Decidido a meter en cintura a sus comandantes sobre el terreno para reanudar lo antes posible el avance hacia Bagdad, el general Franks se dirigió al cuartel general de McKiernan en Kuwait el 31 de marzo, donde pronunció unas duras críticas. Se quejó de que sólo el Ejército británico y las fuerzas de Operaciones Especiales norteamericanas habían estado luchando. Franks les dijo que no quería verse frenado por unos generales excesivamente cautos y empeñados en reducir las bajas a un mínimo, aunque nadie había planteado la cuestión de las bajas.

Tras la sesión, el general McKiernan se dirigió al general de división Albert Whitley, su segundo británico de más rango. "Esa conversación nunca tuvo lugar", afirmó el general McKiernan, según funcionarios militares que estaban al tanto de la entrevista. El 2 de abril, las fuerzas estadounidenses se estaban aproximando a la capital. Incluso antes de la guerra, Rumsfeld concebía el despliegue militar más en función de lo que se necesitaba para ganar la guerra que para garantizar la paz una vez derribado el régimen.

Con la marea a favor de EE UU, comenzó a plantear la cuestión de cancelar el despliegue de la 1ª División de Caballería, unos 16.000 soldados. El general Franks acabó por aceptar.

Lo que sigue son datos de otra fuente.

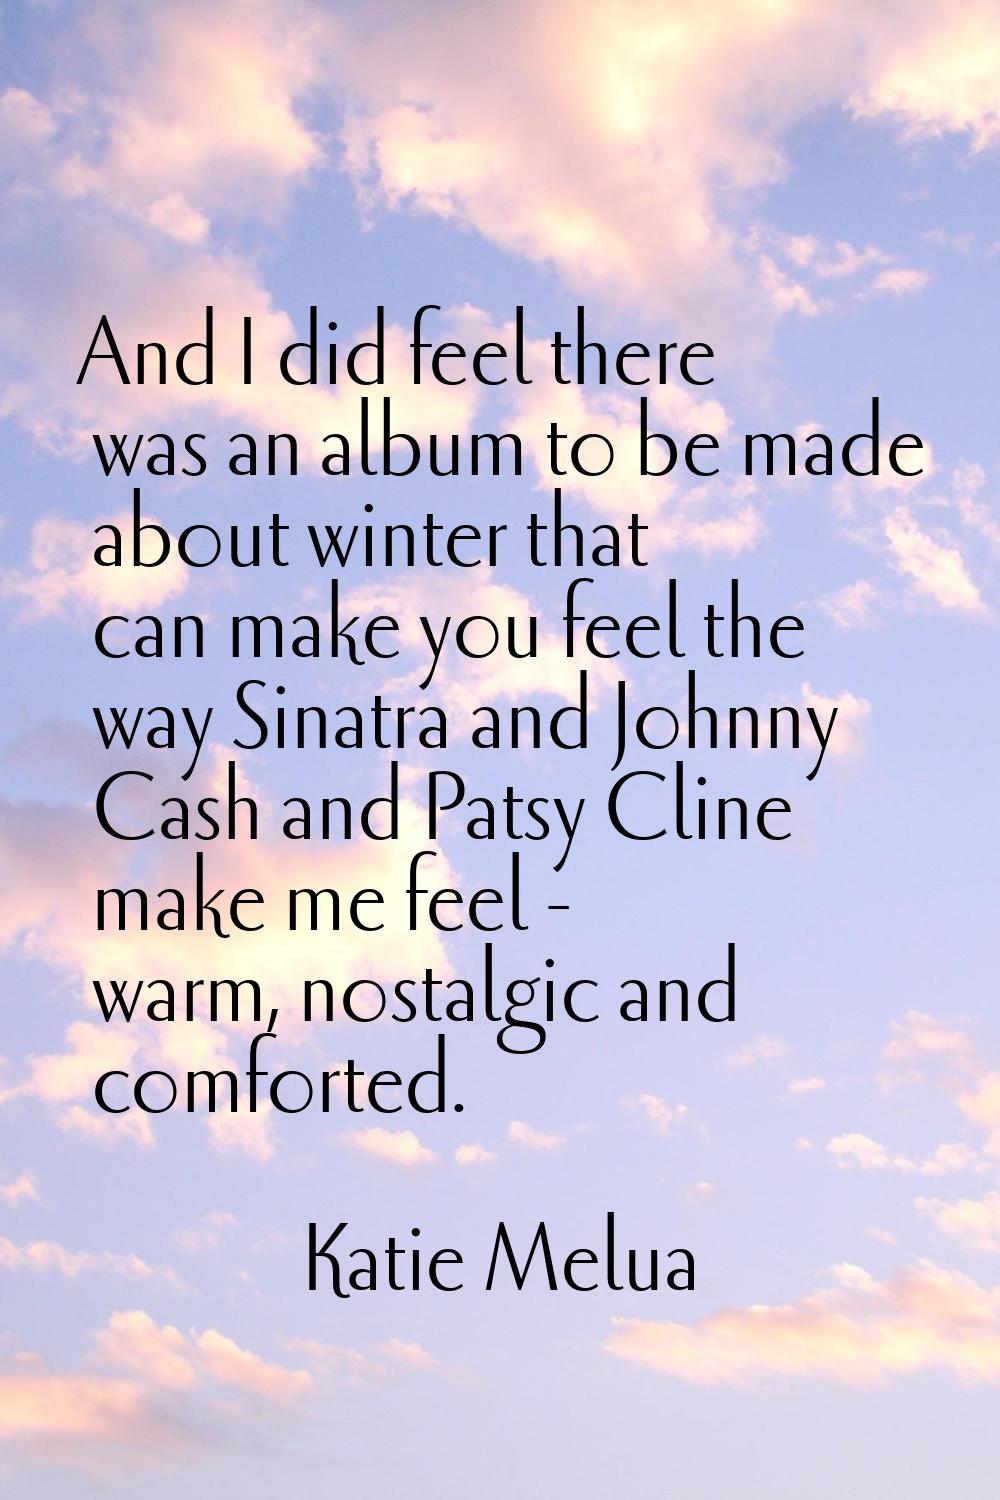 And I did feel there was an album to be made about winter that can make you feel the way Sinatra an

Tres años después, con miles de vidas perdidas en la guerra de Irak, los funcionarios de alto rango aseguran que parar a la 1ª División fue un error que redujo el número de fuerzas estadounidenses justo cuando los fedayin, los ex soldados y los yihadistas árabes empezaban a organizarse para lo que acabaría convirtiéndose en una insurgencia.

"La insurgencia baazista nos sorprendió", explicaba el general del Ejército Jack Keane, que ahora está retirado y sirvió como jefe del Estado Mayor en funciones durante el verano de 2003. "Si hubiéramos desarrollado planes para una insurgencia, probablemente habríamos desplegado a la 1ª División de Caballería y habría sido de mucha ayuda en la ocupación inicial. No fue sólo un fallo de los servicios de espionaje, sino también nuestro como altos mandos militares".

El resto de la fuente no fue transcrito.